SHOSA president Robert Lau Hui Yew, who made the suggestion, said under the Malaysia Agreement, Sarawak was to retain autonomy over education.

However the state’s education system was handed over to the federal government in the 1970s by then Chief Minister Tun Abdul Rahman Ya’kub.

He opined that if the state administered its own education system and revert to using English as the medium of instruction, all races in the state would grow up more united.

“I can still recall how my class had a mix of all races, but we were never aware of racial polarisation.

“Sadly, nowadays each race attends their own schools. There is no opportunity to mix. Just check on the friends they have on Facebook or smartphone. Children nowadays no longer have friends of diverse backgrounds,” Robert said at the combined annual reunion dinner of SHOSA and SEOSA here on Saturday.

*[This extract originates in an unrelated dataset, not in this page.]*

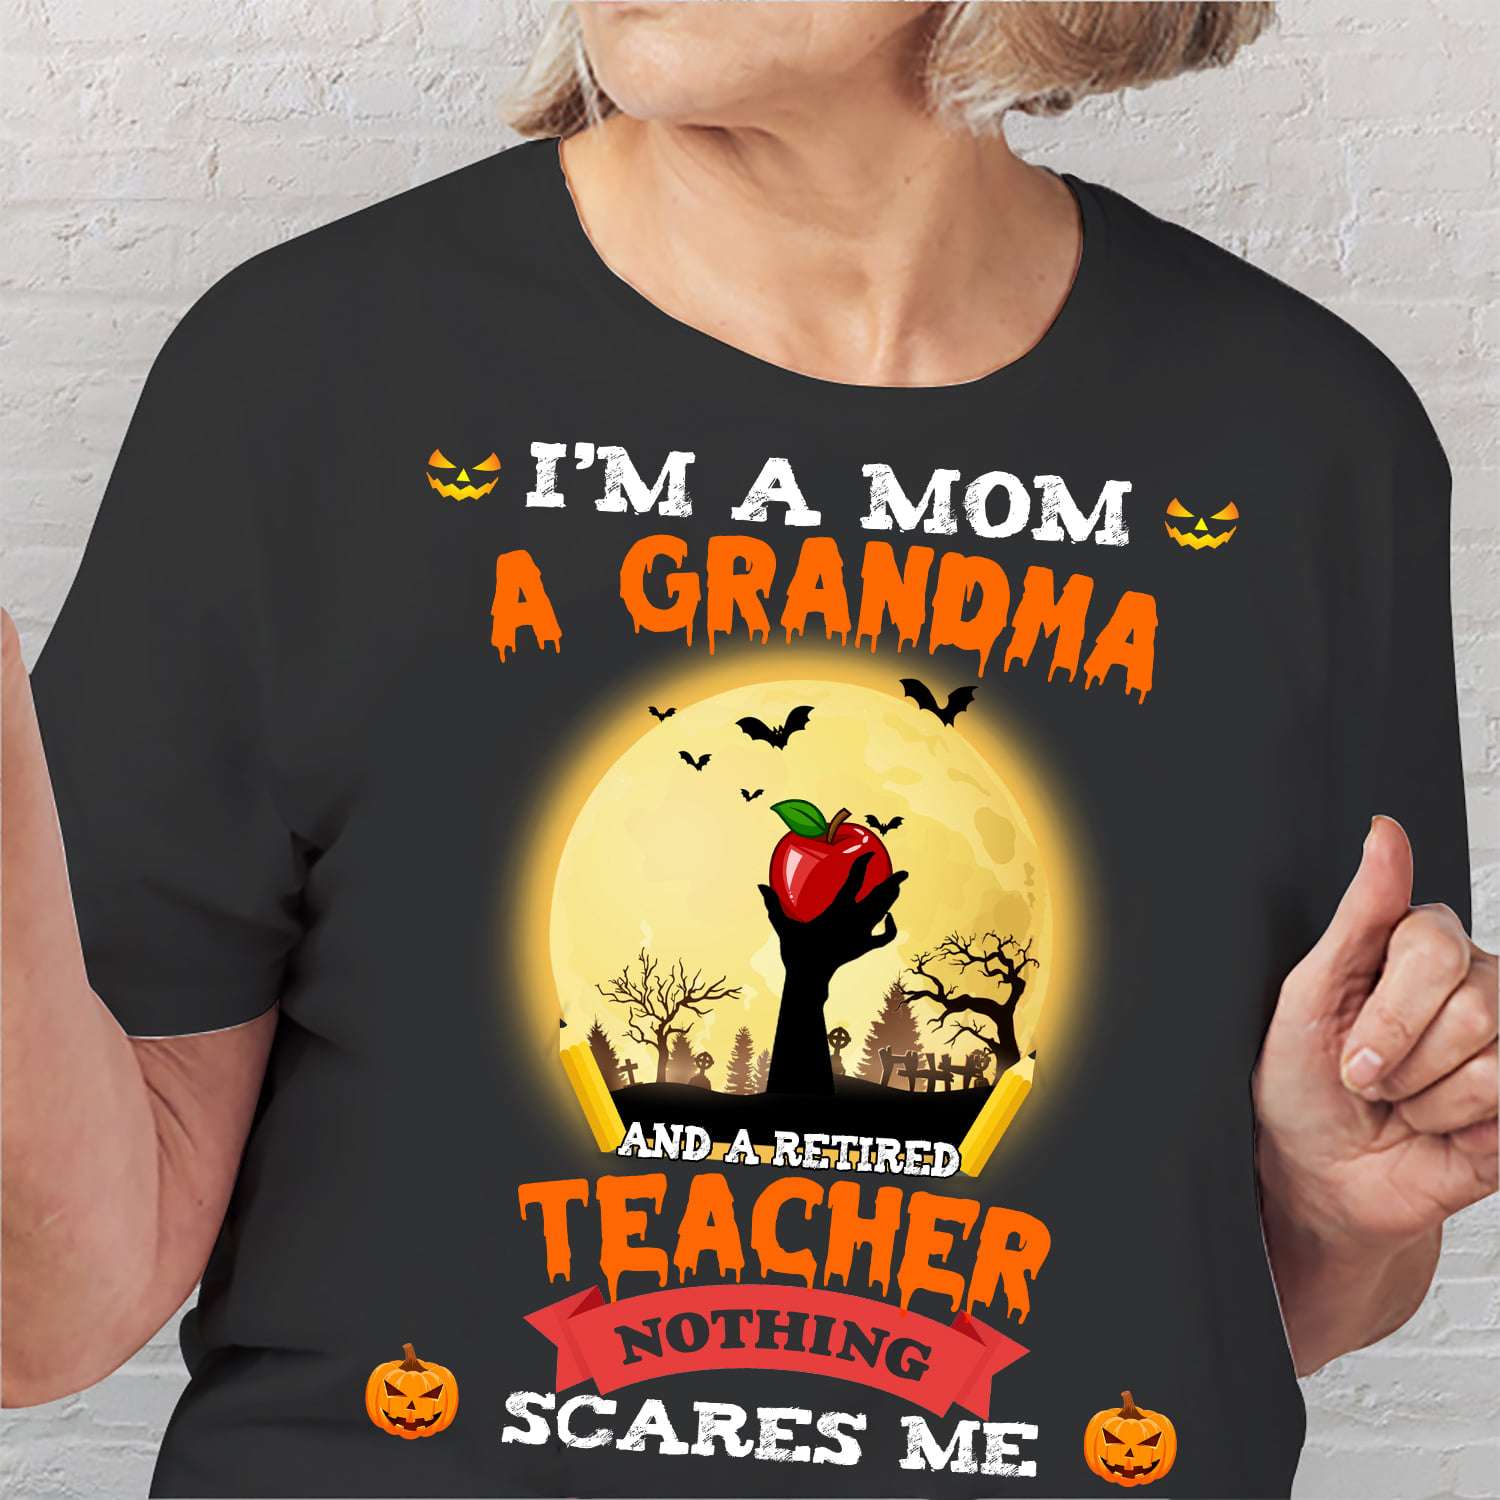 I'm a mom a grandma and a retired teacher nothing scares me - Grandma retired teacher, teacher the job
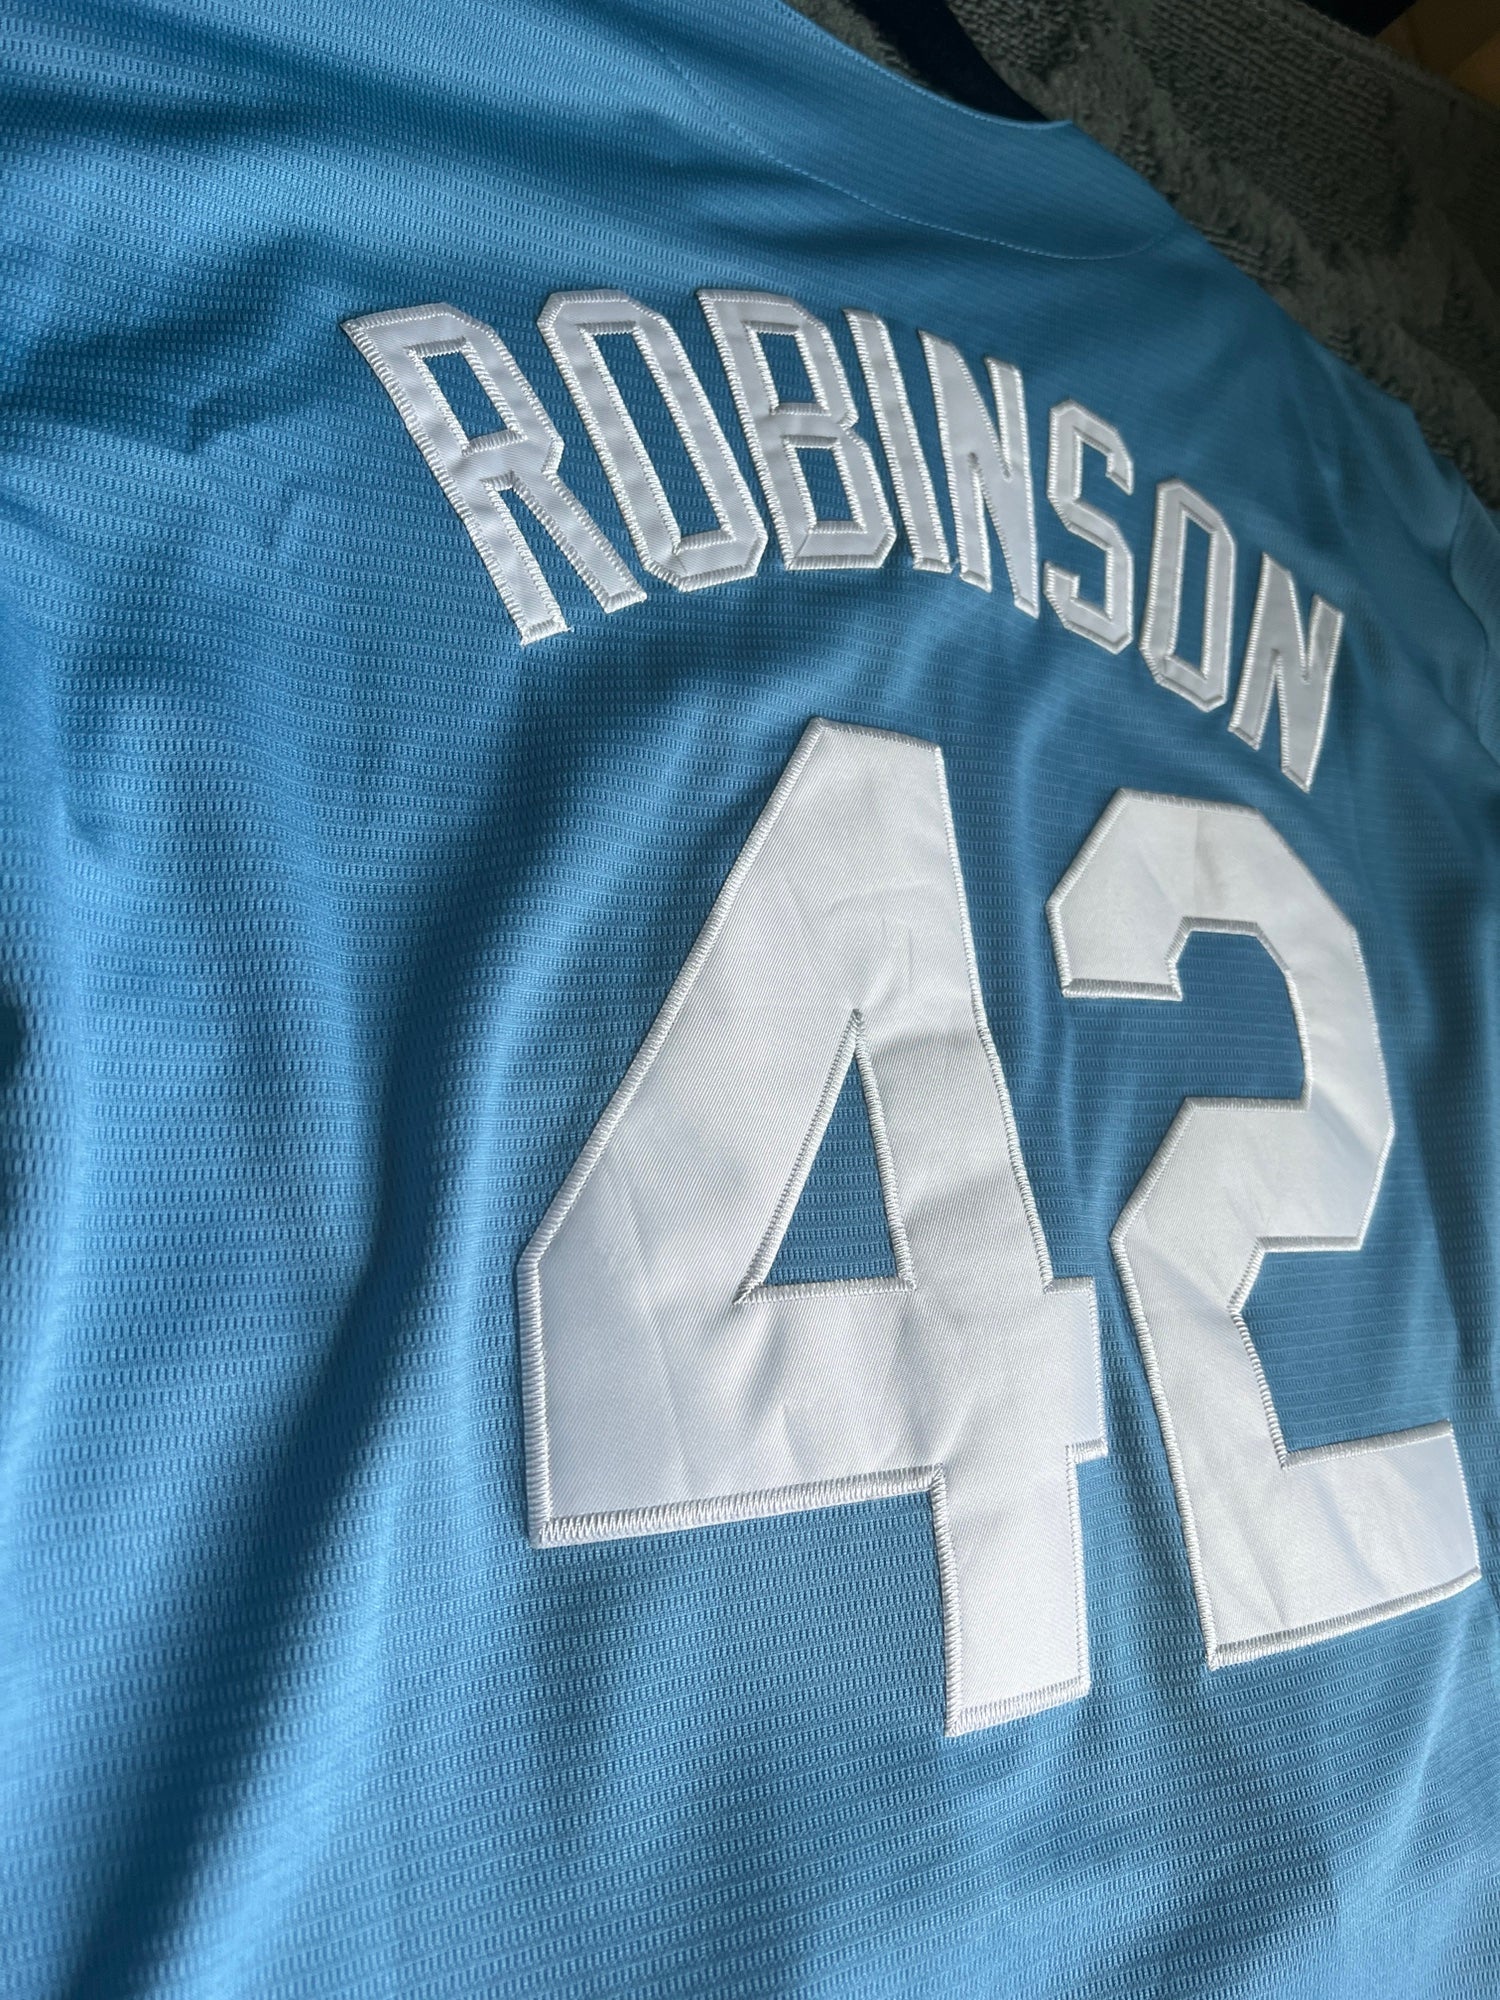 jackie robinson throwback jersey

Present were Temenggong Vincent Lau, chairman of the re-development committee of the two schools, SMK Sacred Heart Board of Management vice chairman Lau Swee Nguong and SEOSA president Teresa Lau.

Robert believed that education should be decentralised, and schools and parents be given the freedom to have a say and choose the type of schools they wanted without having to finance it privately.

He said the government was not the best body to dictate what, where and how children should learn.

“At the last SHOSA and SEOSA combined reunion dinner, I touched on the declining standard of our education system and the poor standard of English. Things have not improved over the last year. The opposite is true.

“Tan Sri Muhyiddin Yassin recently said he was shocked that Malaysian students continued to lag behind its global counterpart despite Malaysia spending as much on education as some developed nations, such as the United States.

“This is telling and scary.

“For a country to fail, we just need a failed education system.”

Turning to the late Lee Kuan Yew, Robert described him as a ‘truly great leader’ whose decision to pick English as the official language in Singapore had been considered as one of the most critical decisions that contributed to the republic’s success.